To explain what happens in the first example, after the assignment to ptr2 you have something like this:

+------+
| ptr1 | ---\
+------+     \      +----------------------------+
              >---> | memory allocated by malloc |
+------+     /      +----------------------------+
| ptr2 | ---/
+------+

Both variables contain the same value, the pointer returned by malloc , so you can use either of them to access the allocated memory.

For the second question, what you have is something like this:

+---------+---------+---------+-----+
| ptr1[0] | ptr1[1] | ptr1[2] | ... |
+---------+---------+---------+-----+
  |
  |
  v
+----------------------------+
| memory allocated by malloc |
+----------------------------+
  ^
  |
  |
+------+
| ptr2 |
+------+

When you free the memory pointer to by ptr1 that only frees that memory, the memory pointed to by ptr2 is still there and accessible through ptr2 .

Answer 2

malloc and free do not know about your data structures. All they know about is blobs of bytes.

As a general rule, there should be a one-to-one relationship between your malloc and free calls. (There are plenty of exceptions, but it's a good general rule.)

It is never the case that a single call to free will simultaneously free two separate blocks allocated by two calls to malloc .

So, as others have said, the answers to your questions are "Yes" and "No".

Answer 3

int* ptr1 = (int*)malloc(sizeof(int)*10);
int* ptr2 = ptr1;
free(ptr2);

That is fine, ptr2 contains the same value as ptr1 , and thus the memory you passed to malloc() is free() d.

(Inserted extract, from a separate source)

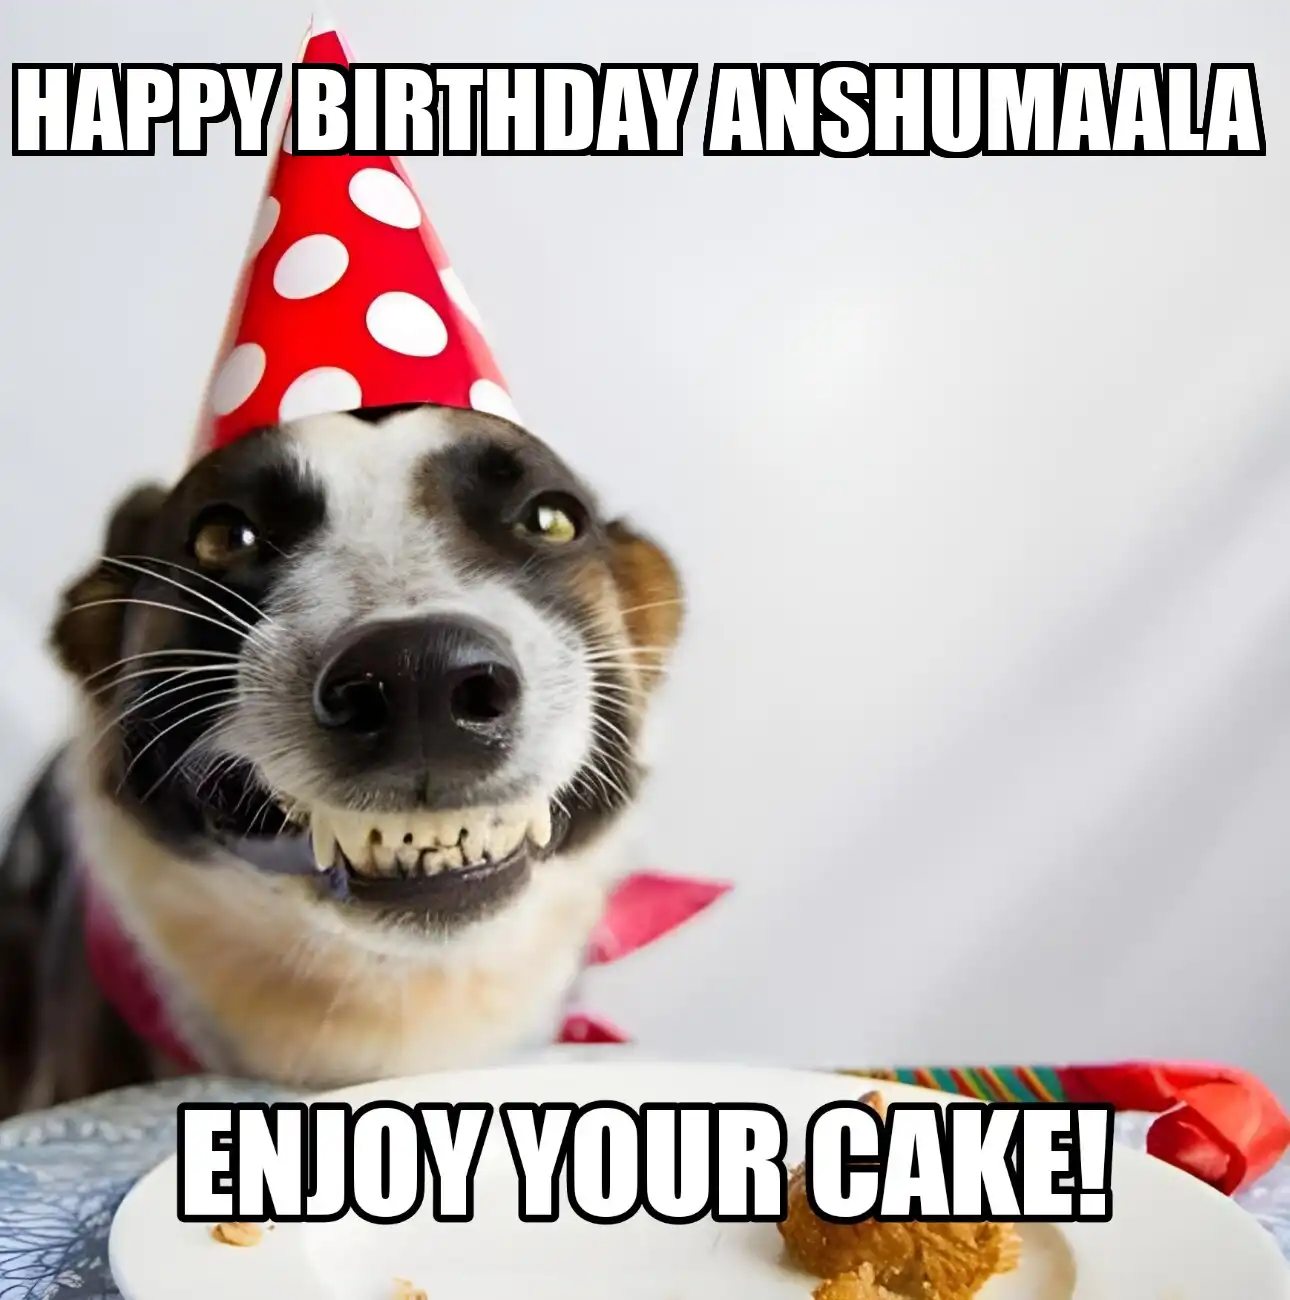 Happy Birthday Anshumaala Enjoy Your Cake Dog Meme

int** ptr1 = (int**)malloc(sizeof(int)*10);
int* ptr2 = (int*)malloc(sizeof(int));
*ptr2=10;
ptr1[0]=ptr2;
free(ptr1);

That is not fine. You are storing the value of ptr2 in the ptr1 array, but not freeing it. You want:

int** ptr1 = (int**)malloc(sizeof(int*)*10);
int* ptr2 = (int*)malloc(sizeof(int));
*ptr2=10;
ptr1[0]=ptr2; 
...
free(ptr1[0]);
free(ptr1);

Note I have also changed the malloc() to allocate 10 pointers to int , not merely ten int s (which may not be the same size).

Finally note that you don't need to cast the return value from malloc() in C. I haven't fixed that for you as it is not a problem in itself and is unrelated to your question, but it is (arguably) bad style.

Answer 4

Is the free(ptr2) going to delete my array as I want ?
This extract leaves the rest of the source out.